Credit Utilization Ratio and Total Debt

Your credit utilization ratio and total debt are also important litmus tests for your credit score. These two items tend to address revolving and non-revolving credit, respectively.

Your credit utilization ratio is the percentage of your revolving credit that you’ve already borrowed. If this gets to be over 30% on your various lines of credit, it can lower your score. The inability to pay back your revolving credit is a warning for lenders to think twice before loaning you even more money.

Your total debt is the amount of non-revolving credit that you’ve borrowed. This consists of lump-sum loans, such as auto loans, student loans, or a mortgage. If your total debt gets too high, it can hurt your score, as it shows that you can’t properly manage your existing debt.

Credit Mix and Age

The last two factors that can impact your score are your credit mix and the average age of your credit.

Your credit mix is the variety of different forms of credit that you have. For instance, you can have:

  • An auto loan;
  • Student loans;
  • A mortgage;
  • Credit cards;
  • A home equity loan or line of credit.

If you only have one or two of these, it limits your credit score. However, the more of a mix of credit options you responsibly use, the higher your credit score can rise.

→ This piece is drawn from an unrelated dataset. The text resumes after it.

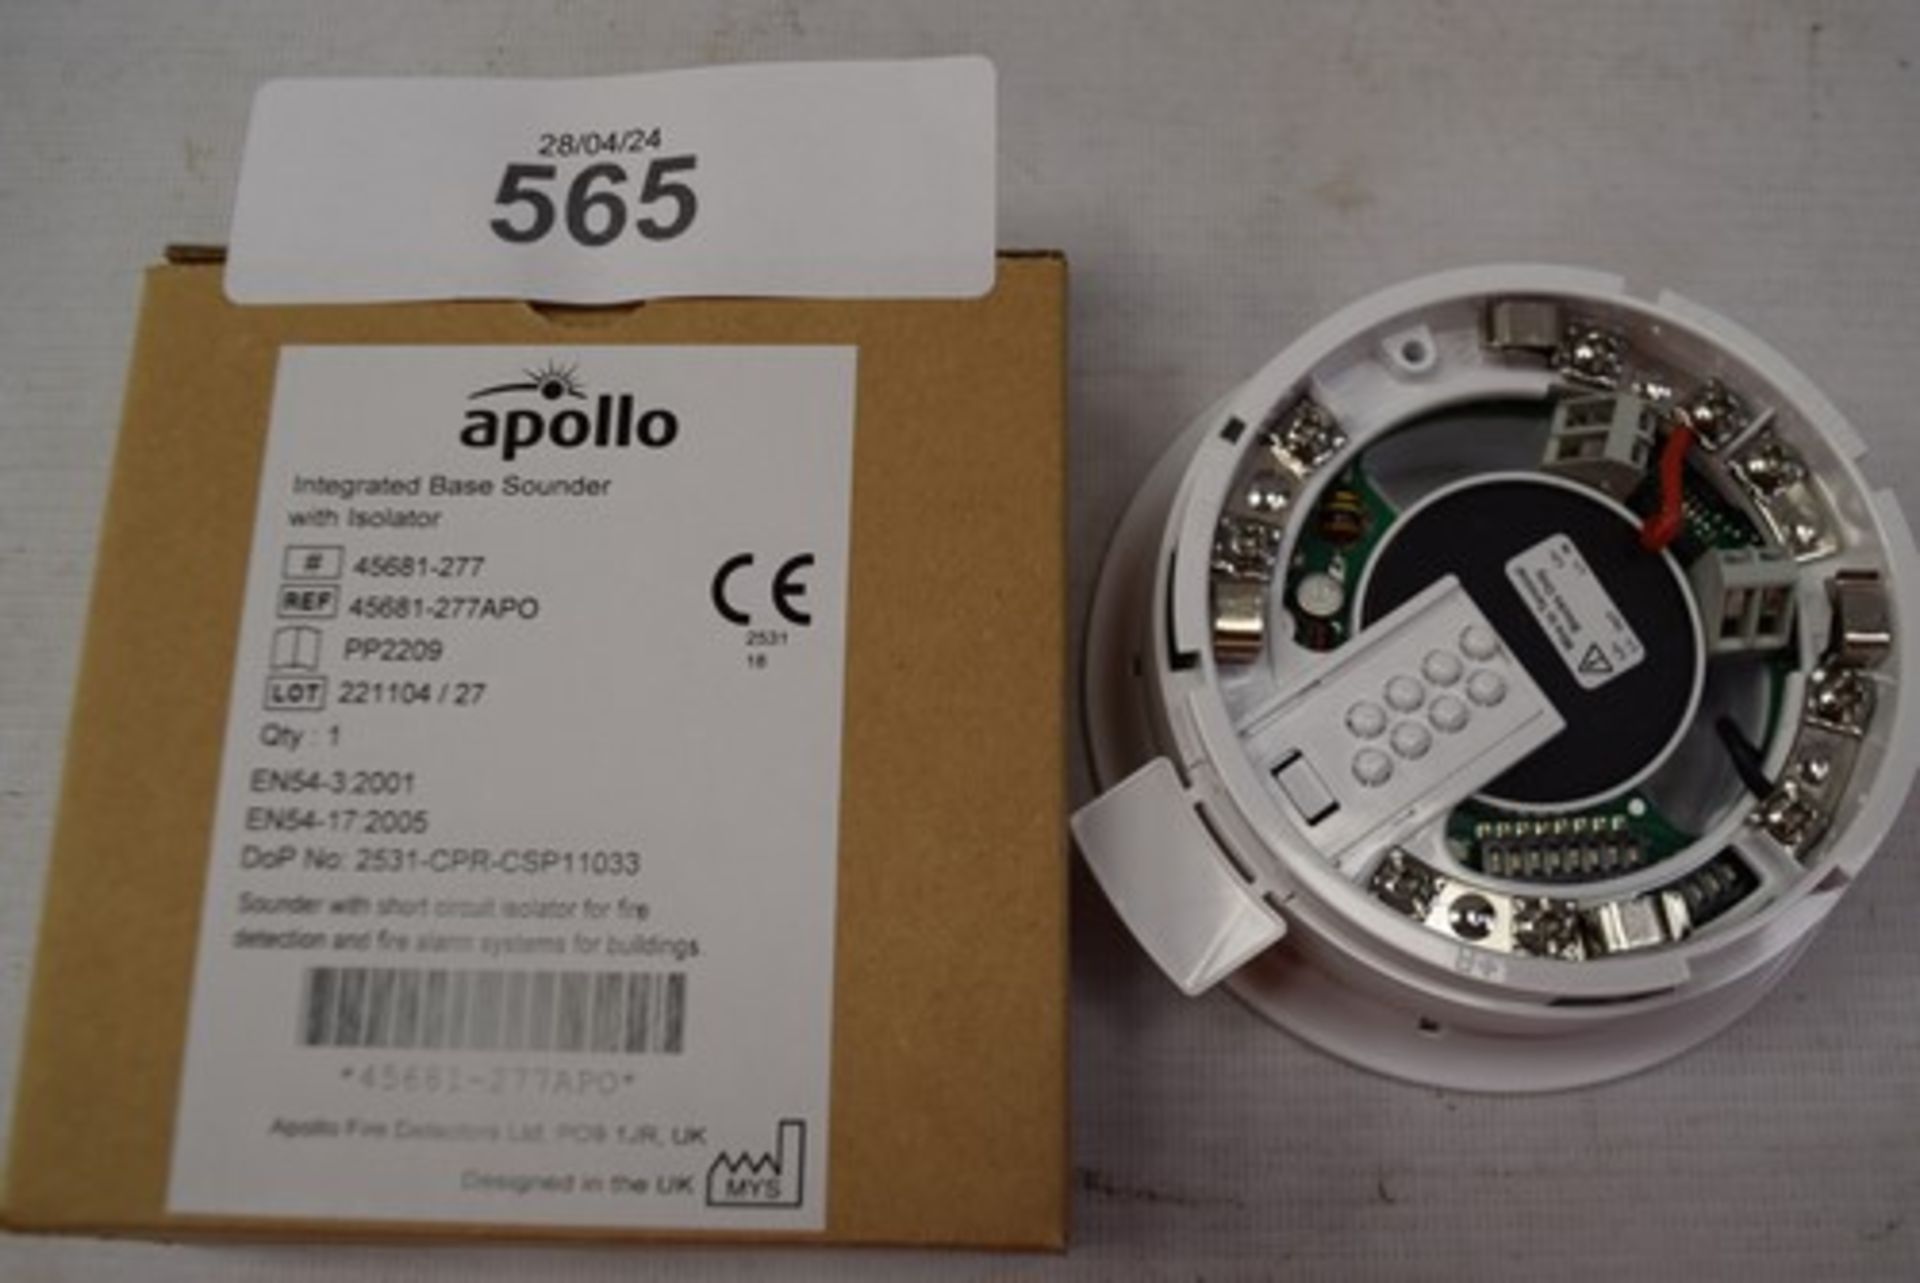 12 x Apollo integrated base sounders with isolators, Ref:- 45681-277APO - new in box (GS5) - Image 2 of 2

In addition, the overall age of your credit matters. This is an average of all of your different lines of credit. If you are younger or you recently opened a new line of credit, it can lower your average credit age — and your credit score, by extension.

As you go through each of these, remember to take notes. Point out positive behaviors that you want to reinforce, such as making payments on time. Also highlight negative patterns that you notice, like opening up a new line of credit without a good reason.

Use both the good and the bad notations to inform your financial planning and create a long-term strategy to boost your score.

What Can You Do With a 695 Credit Score?

If you have a credit score of 695, it means you can start to tap into the many benefits that come with good credit. These include things like:

  • Easily passing employer credit checks when applying for a job;
  • Getting approved for an apartment and having a lower security deposit;
  • Increasing your negotiating power and allowing you to refinance existing loans;
  • Getting a mortgage or other personal loans more easily;
  • Qualifying for lower interest rates, higher borrowing limits, and credit card rewards.

While all of these become potentially available to you at a score of 695, many of them will be limited. You want to continue to increase your credit score into the “Very Good” and “Exceptional” ranges if you want to experience the full range of good credit benefits.

How to Improve a 695 Credit Score

While a “Good” credit score is good (it’s in the name, after all) it’s important to continue to work to take your score from good to great.

Fortunately, if your score is at 695, you are working from a place of strength. You are nearly thirty points above the Fair credit range, and likely don’t have too many major financial hurdles to get over.

Nevertheless, there are always small ways you can work to improve your score. Here are a few suggestions to get you started:

  • Review your credit report every year so that you can dispute errors and fix derogatory marks;
  • Responsibly manage your revolving credit and pay down your non-revolving debt;
  • Create and stick to a budget that helps you live within your means;
  • Use the research of your past financial activity to create a financial plan to help guide future decisions.

If you continue to steadily improve your current financial situation, you’ll gradually raise your credit score far above its current grade. This will open up various financial benefits far into the future.